We engaged with a lot of people, we wanted to demonstrate the type of methodologies we were suggesting - openness, online-ness, getting to people who are usually engaged, lowest barriers to participating. Practicing what we were preaching I guess. We opened up channels:
Input via email, video, a web survey, and a web comment thread
Roundtable discussions
Interactions on Twitter, Facebook and LinkedIn
A letter to the vice chancellor of every university in the UK
Online student forums
We held formal, open (and live-streamed) evidence sessions of the Commission
We had informal meetings with a wide range of people.
I ran lots of roundtables up and down the country including in a fish and chip shop in Stockport.
The headline recommendations from the Commission are:
By 2020, the House of Commons should ensure that everyone can understand what it does.
By 2020, Parliament should be fully interactive and digital.
The 2015 newly elected House of Commons should create immediately a new forum for public participation in the debating function of the House of Commons.

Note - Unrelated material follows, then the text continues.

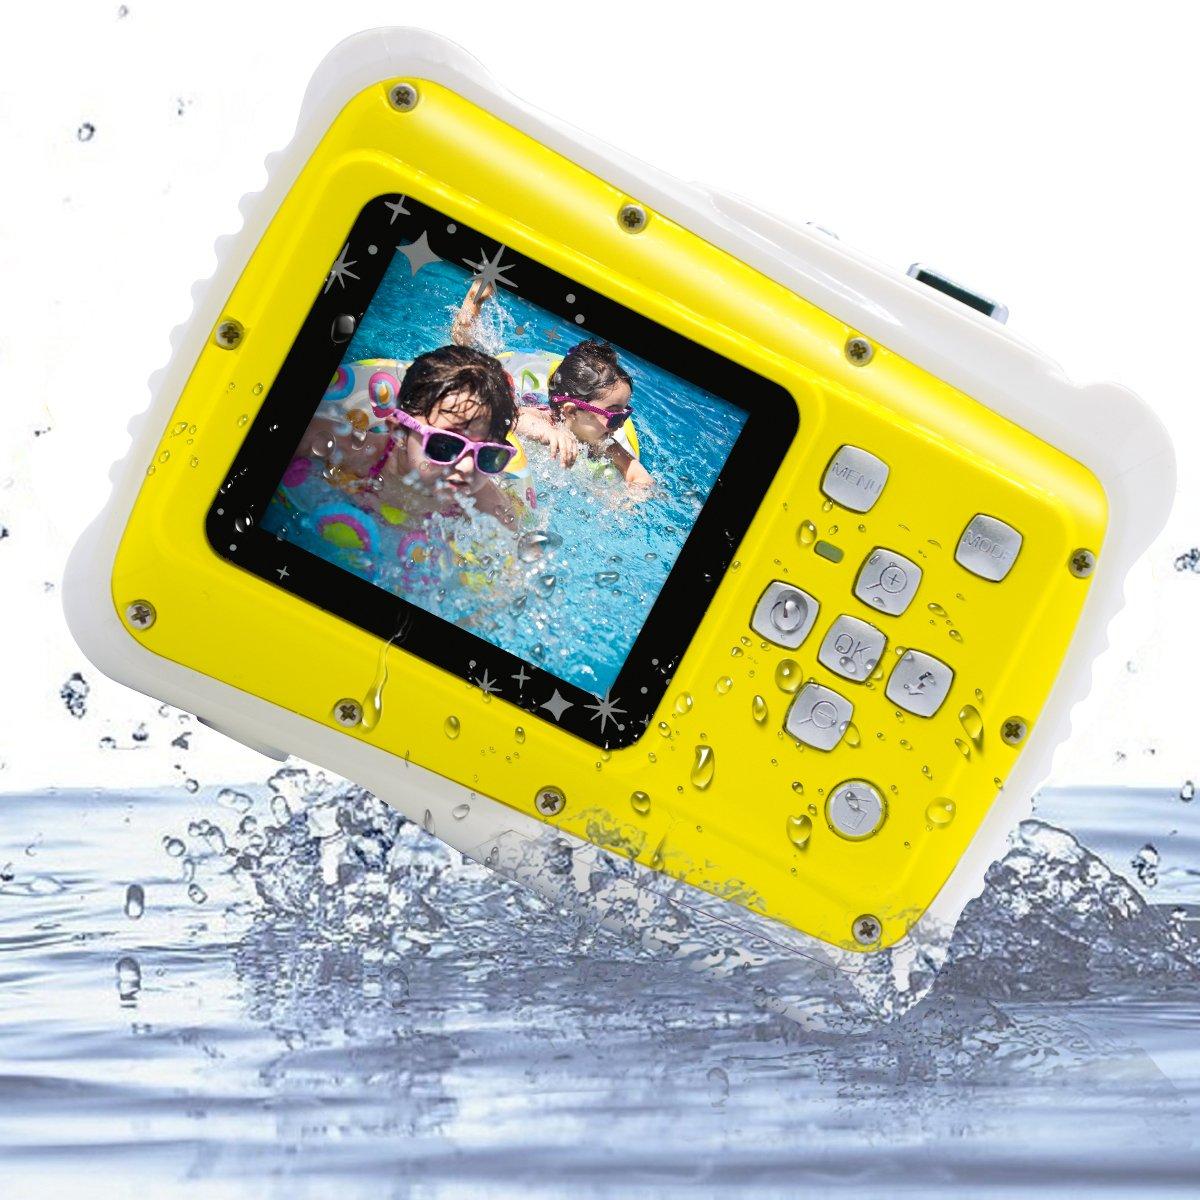 Kids Digital Camera, Vmotal Kids Waterproof Camera 2.0 Inch TFT Display 8MP Waterproof Camera for Children (Yellow) by Vmotal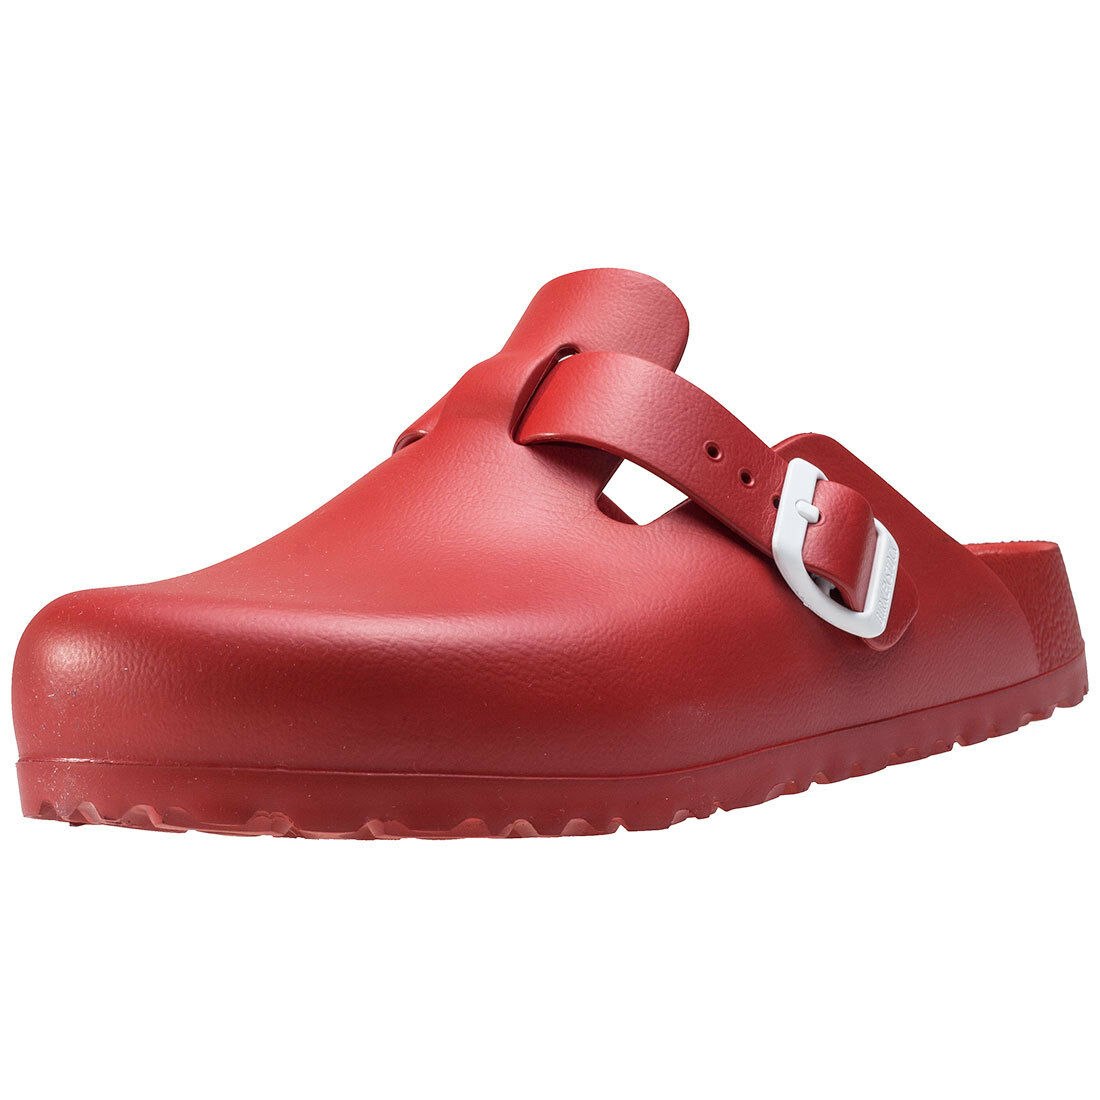 Christian Louboutin Nero Catchetta 35.5- Flat Gladiator Sandals Flat Shoe 35.5- Catchetta 5.5 583015

By 2020, secure online voting should be an option for all voters.
By 2016, all published information and broadcast footage produced by Parliament should be freely available online in formats suitable for reuse. Hansard should be available as open data by the end of 2015.
This is my summary of how we should think about digital democracy.
We can’t have full digital democracy without digital inclusion. This infographic shows the UK’s digital divide.
We need to empower people to take part of our digital society so that they can be part of:
daily life (such as communicating, information gathering, shopping, banking)
using flexible and convenient public services
and now, to take part in a more interactive and participative democracy through digital.
The Tinder Foundation way is Local + Digital + Scale – I’ll explain this in the following slides.
Three main barriers to digital inclusion:
Motivation
Skills and Confidence
Access
Motivation
Eg Get Online Week - invented by us in the UK. 2015 is our 9th Get Online Week.